3. When portfolio managers took their eye off the fundamentals, they made worse decisions. The data revealed that portfolio managers were much more apt to sell a stock that, in the recent past, had either outperformed or underperformed by a wide margin. In other words, instead of logically evaluating a stock’s prospects—as investors are taught to do—portfolio managers spent time looking in the rearview mirror. While it might seem like a good idea to sell a stock that’s recently outperformed (because it might now be overpriced) or that’s recently underperformed (because it might indicate a problem at the company), it turns out that, on average, these judgments end up hurting rather than helping.

4. When portfolio managers were feeling stressed, they made worse decisions. How could the researchers have known when managers were under stress? The proxy they used was recent performance. If a fund had been doing poorly, they presumed that the portfolio manager would be feeling stress. During those periods, selling decisions measurably underperformed.

What does all this mean for individual investors? I draw a few conclusions. First, I see this as another reason to steer clear of trading individual stocks and to instead choose index funds. That can insulate you from agonizing decisions, like Jane’s challenge with her Moderna shares.

For better or worse, index funds that own Moderna stock right now aren’t giving it any thought; they’re simply holding it. Over the long term, that might help or it might hurt. But according to multiple studies, on average it seems to help. That is, it helps to remove the human element.

This research helps illustrate why. Investing is a psychological minefield. If even the most sophisticated fund managers—those running half-billion-dollar accounts for pensions and endowments—are susceptible to the challenges outlined above, then no one is immune. When you own an index fund, on the other hand, you can sidestep a large part of that minefield. But what if you already own some individual stocks? Then what? I see a number of useful lessons.

First, treat selling with as much deliberation as buying. This seems like it ought to be obvious. But as the authors point out, investors put more effort into buying than selling because buying is inherently more enjoyable. The hunt for new ideas is a discovery process, and it’s interesting. Selling, on the other hand, tends to be viewed as more of a housekeeping chore—to raise cash for a withdrawal, to reallocate to a new idea, or to rebalance a portfolio.

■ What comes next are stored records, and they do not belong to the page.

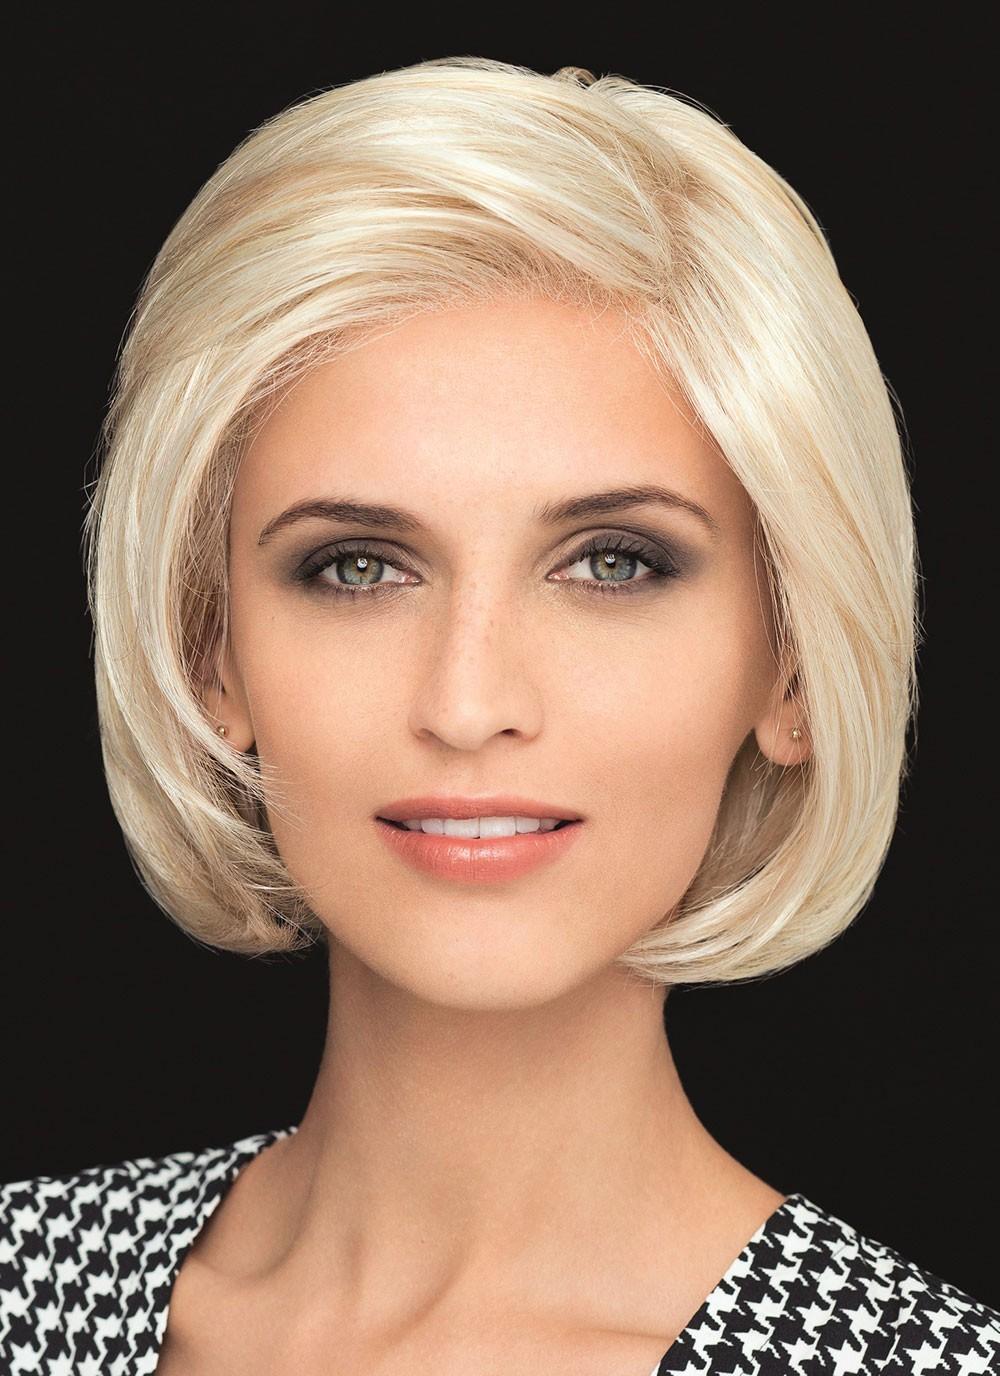 Short Classic Bob Lace Front Blonde Human Hair Wigs, Best Wigs Online Sale - Rewigs.com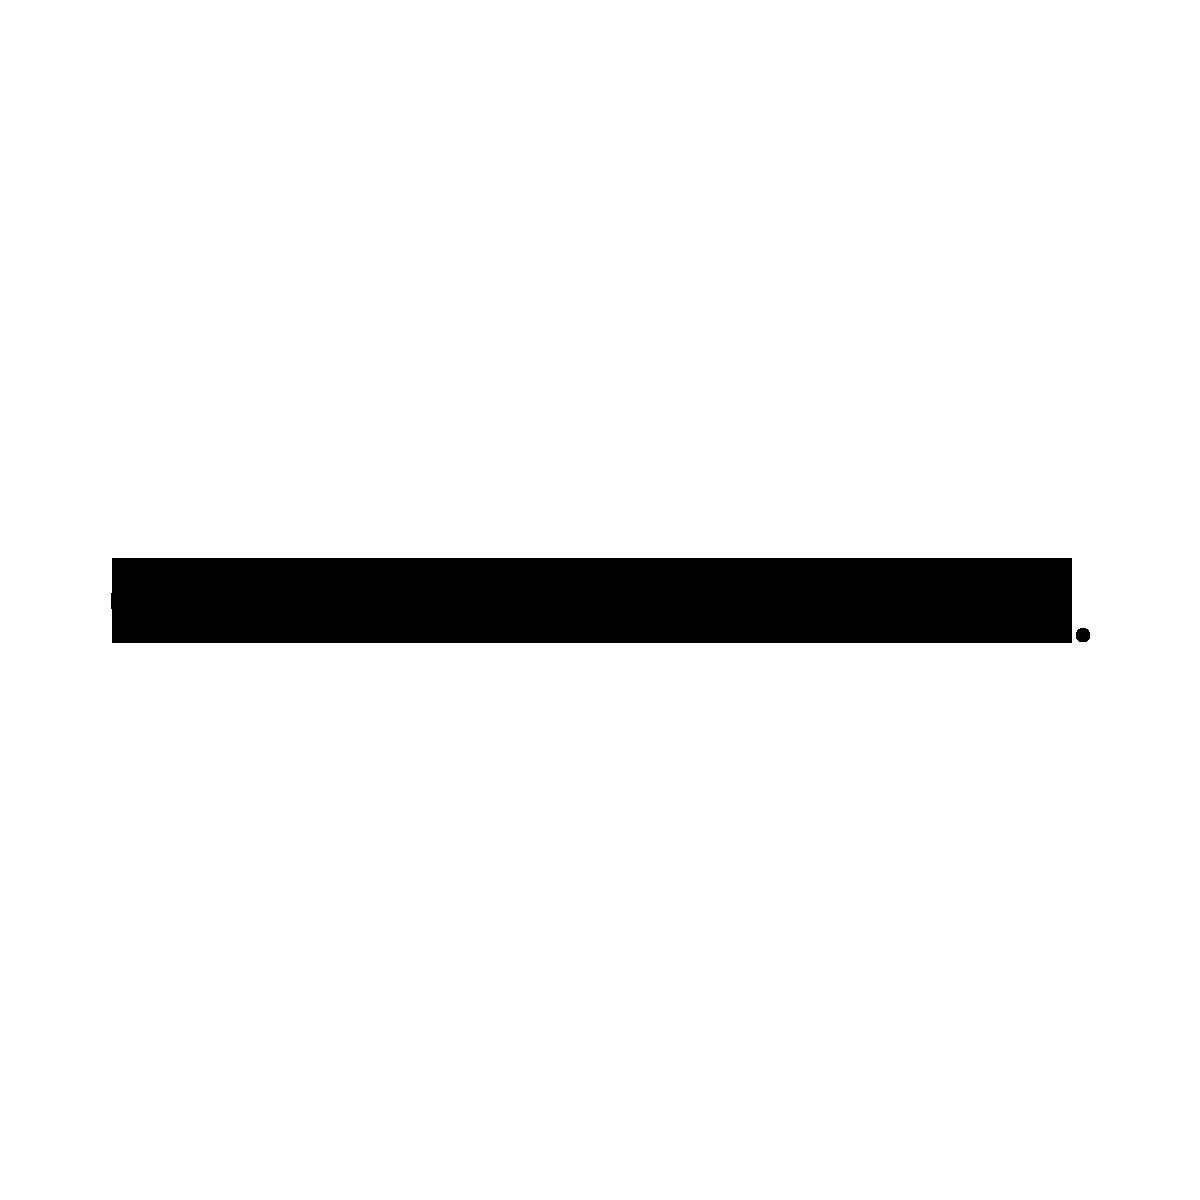 Business-Tasche-per-Hand-geschliffenes-Leder-Braun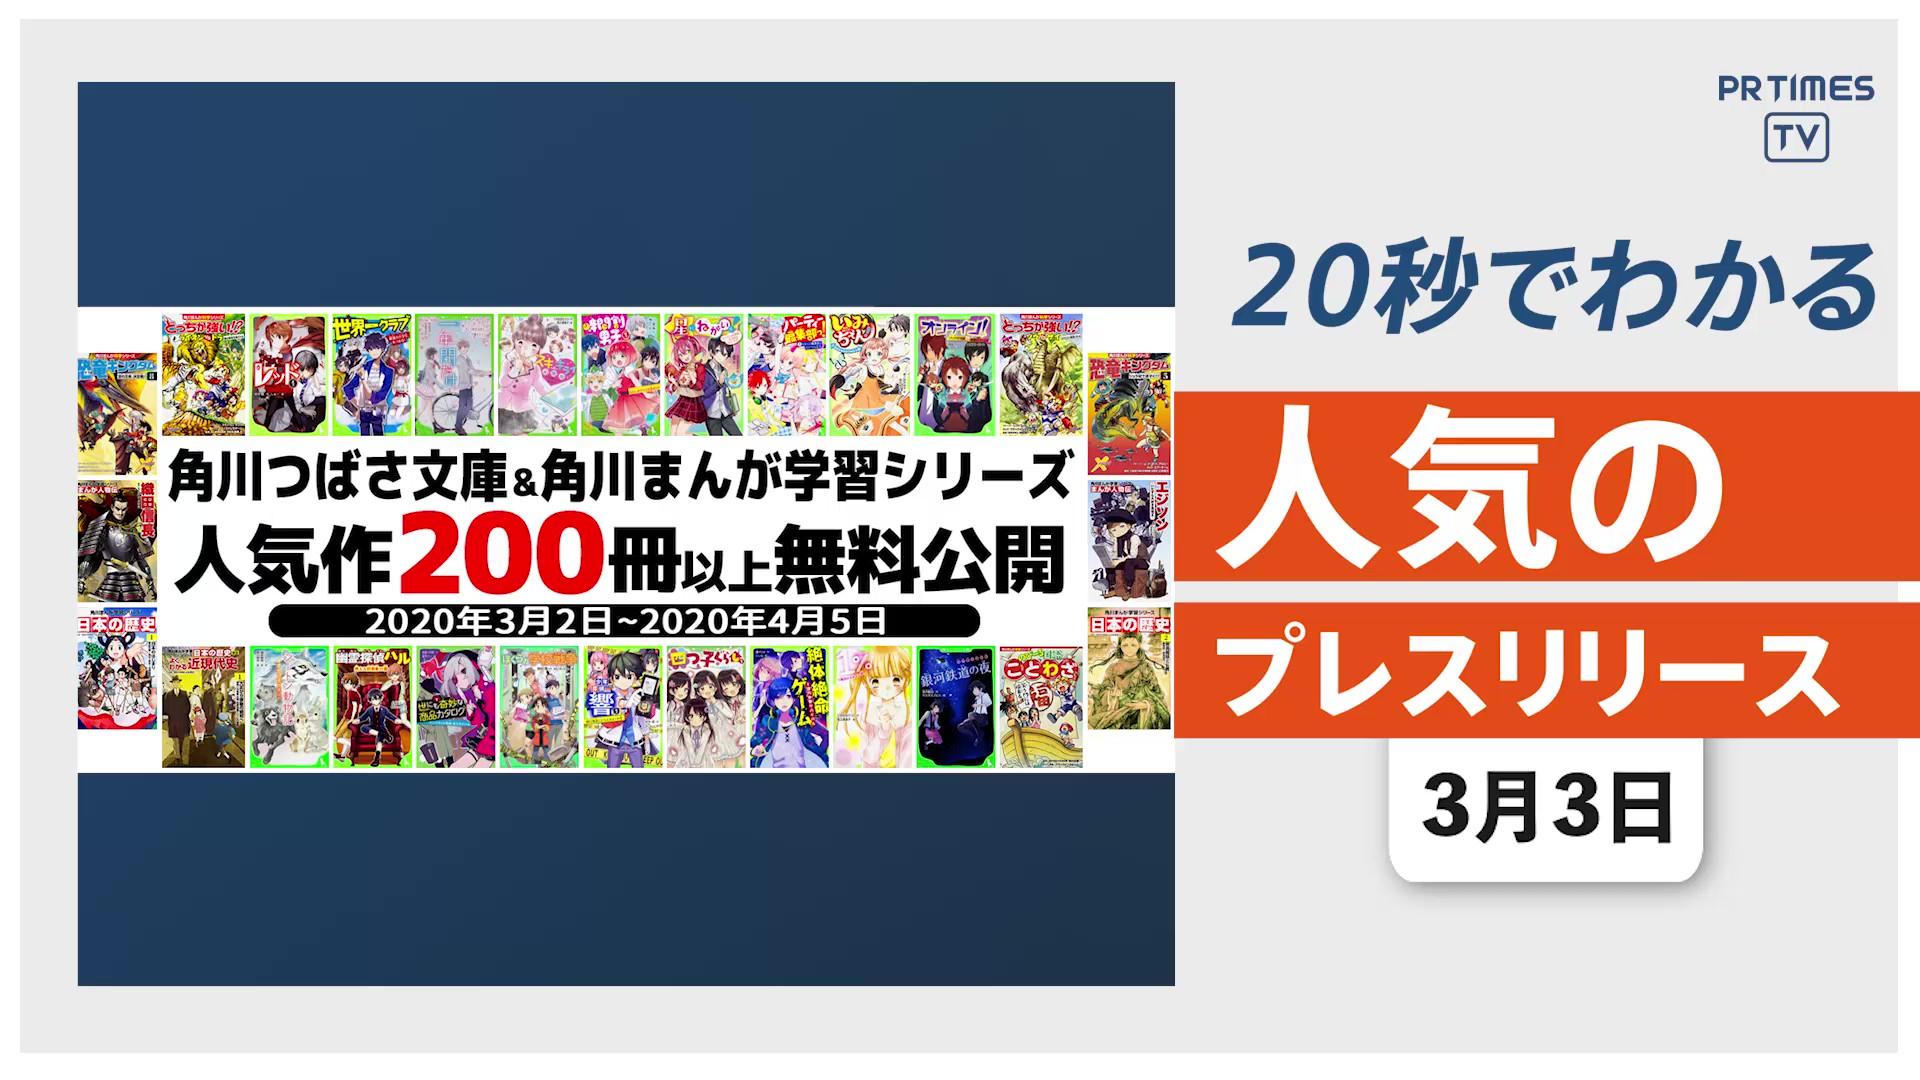 【「ヨメルバ」にて 200タイトル以上の児童書を 無料で公開】他、新着トレンド3月3日

Second, map out a plan with decision rules for selling shares. That can help you avoid reacting to anecdotes, snippets of news or recent performance. You could, for example, employ a dollar-cost averaging approach to sales. Instead of trying to make judgments about where a stock is going, simply make a schedule to sell incrementally and mechanistically.

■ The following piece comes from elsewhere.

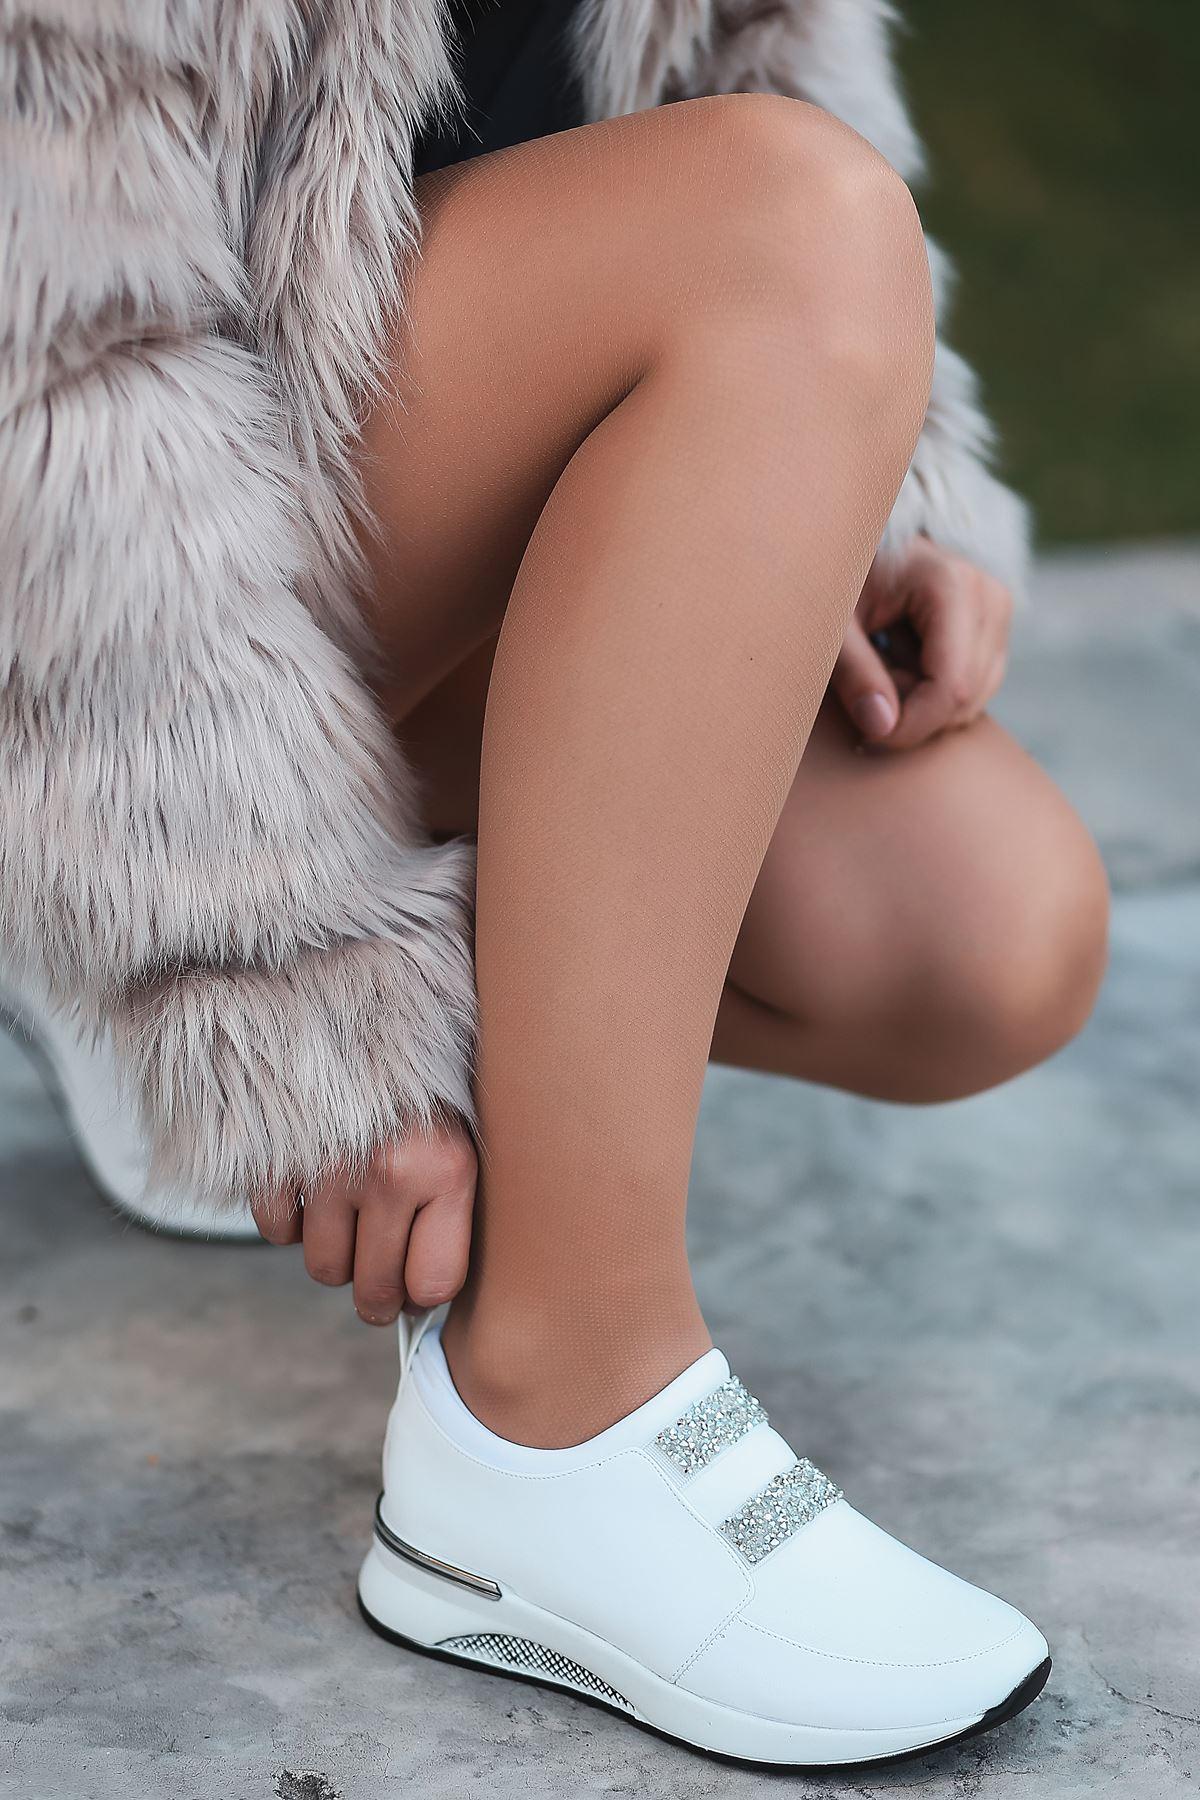 Oliver Taş Detaylı Beyaz Kadın Spor Ayakkabı

Third, consider how each stock fits into your overall portfolio. If it’s a large position that ends up distorting your portfolio’s overall balance and that you’re thinking of selling, that’s worth more of your attention than a small holding. A small holding won’t hurt much if it underperforms—but it might help a lot if it outperforms, as explained below.

Finally, and maybe most counterintuitively, don’t cavalierly sell small positions just because of their modest size. One of the key ways you can go wrong when you sell a stock is to sell a winner prematurely. Imagine, for example, if you’d sold a small position in Apple or Amazon five years ago. In both cases, recent performance had been strong, and they might have looked overpriced. And yet they went on to deliver such strong results that even a small holding could have made a big difference to your results.

If all of this sounds like a lot of work, I agree. I think that helps explain the study’s core finding, that investors tend to give short shrift to selling decisions. It isn’t that people can’t sell well. It’s just exhausting. But if you venture down that road, I hope the above guidelines are of some help.